But do all intelligent machine applications require high-end hardware with high-level cognition in their learning process?

Abstract comprehension could be enough in some applications, where AI only needs to make basic or sweeping assumptions. For example, identifying a ball or round object can suffice in certain situations, without requiring the system to differentiate between a basketball and a baseball. Such an AI does not need to rely on a CPU and would be considerably cheaper. Moreover, it may be operated even without having to rely on a camera. For instance, abstract vision may be used to simply identify defected, disproportional balls.

The answer to the previous question thus directly affects the cost and complexity of AI systems. In the first case, a large artificial neural network is required while the second may be addressed by fabricating small and cheap building blocks that function in parallel. Referring to the previous example, both basketballs and baseballs can have unique, differentiating features.

A high-comprehension-level network must account for such nuances and learn to classify them correctly. The amount of information fed into the AI can therefore be quite large. As a result, network size and complexities can grow rapidly and the associated energy expenditure increase even faster.
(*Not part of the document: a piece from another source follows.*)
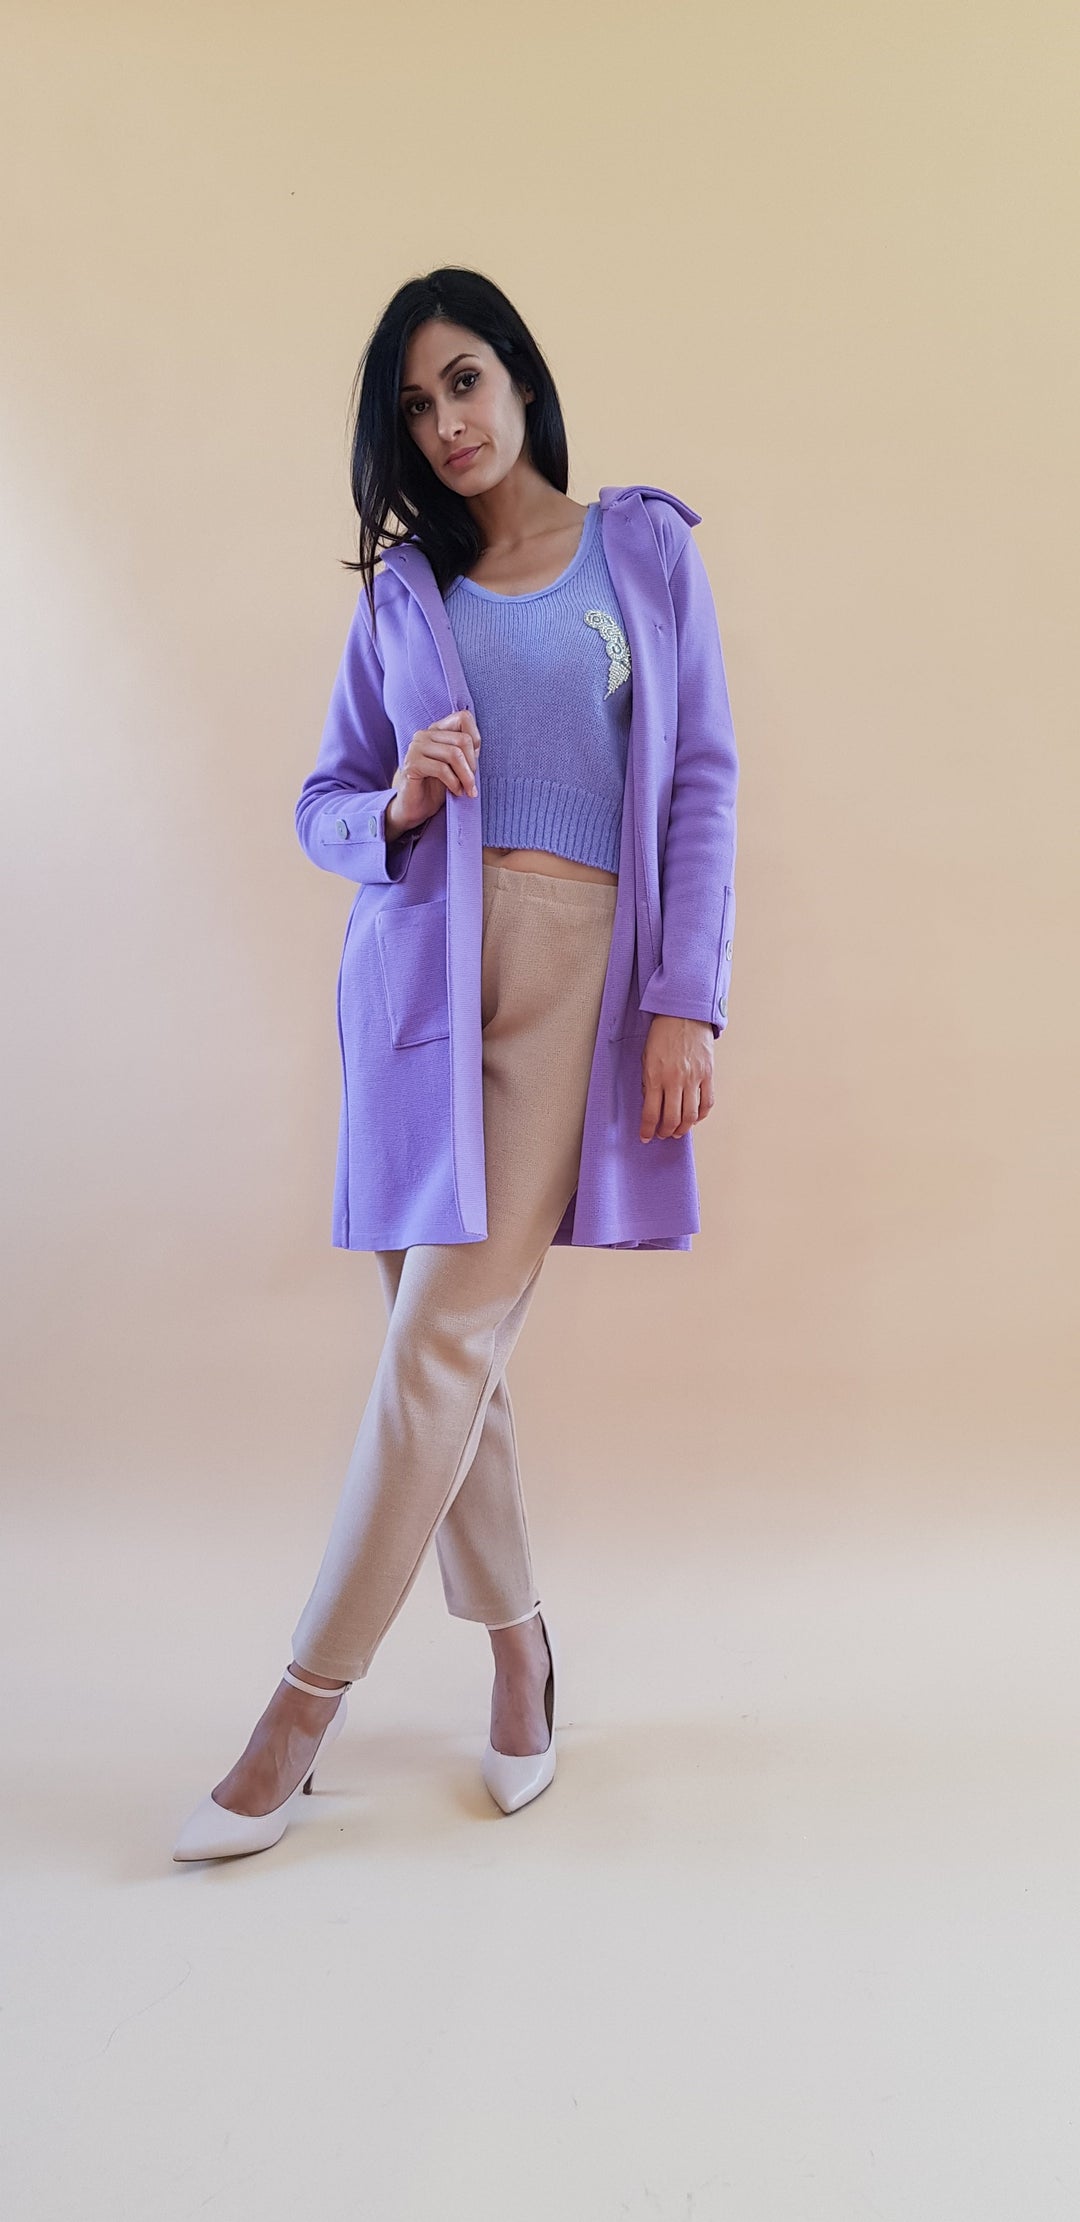 Woman wearing a purple coat with beige pants against a neutral background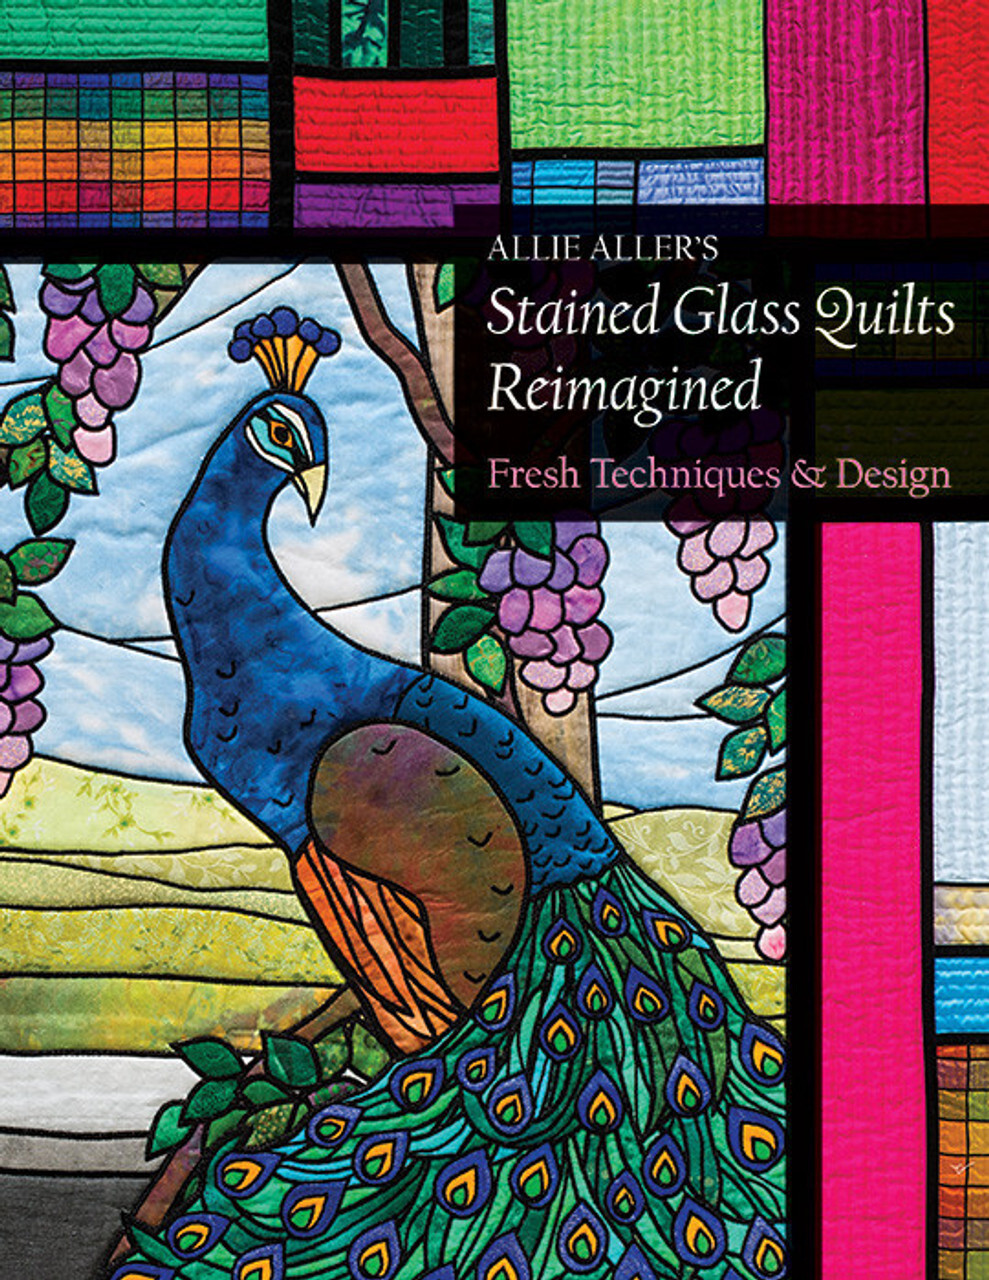 ct-publishing-allie-allers-stained-glass-quilts-reimagined__35046

On the other hand, an AI with abstract comprehension may be small and simple, designed to merely identify whether or not the captured image contains a shape with a single symmetry. A cluster of such entities can tell when a ball-shaped object is being presented by identifying multiple axes of symmetry within the image. Thus, the integrated decision from all the individual units produces a relatively complicated answer. Such a system may be implemented using dedicated and minimalistic hardware, as was shown in the current study.

Ubiquitous intelligent vision systems usually adhere to the high-level approach and have to rely on software, where the AI is implemented as a learning algorithm. Those algorithms must go through a preliminary training process before it can give its own predictions.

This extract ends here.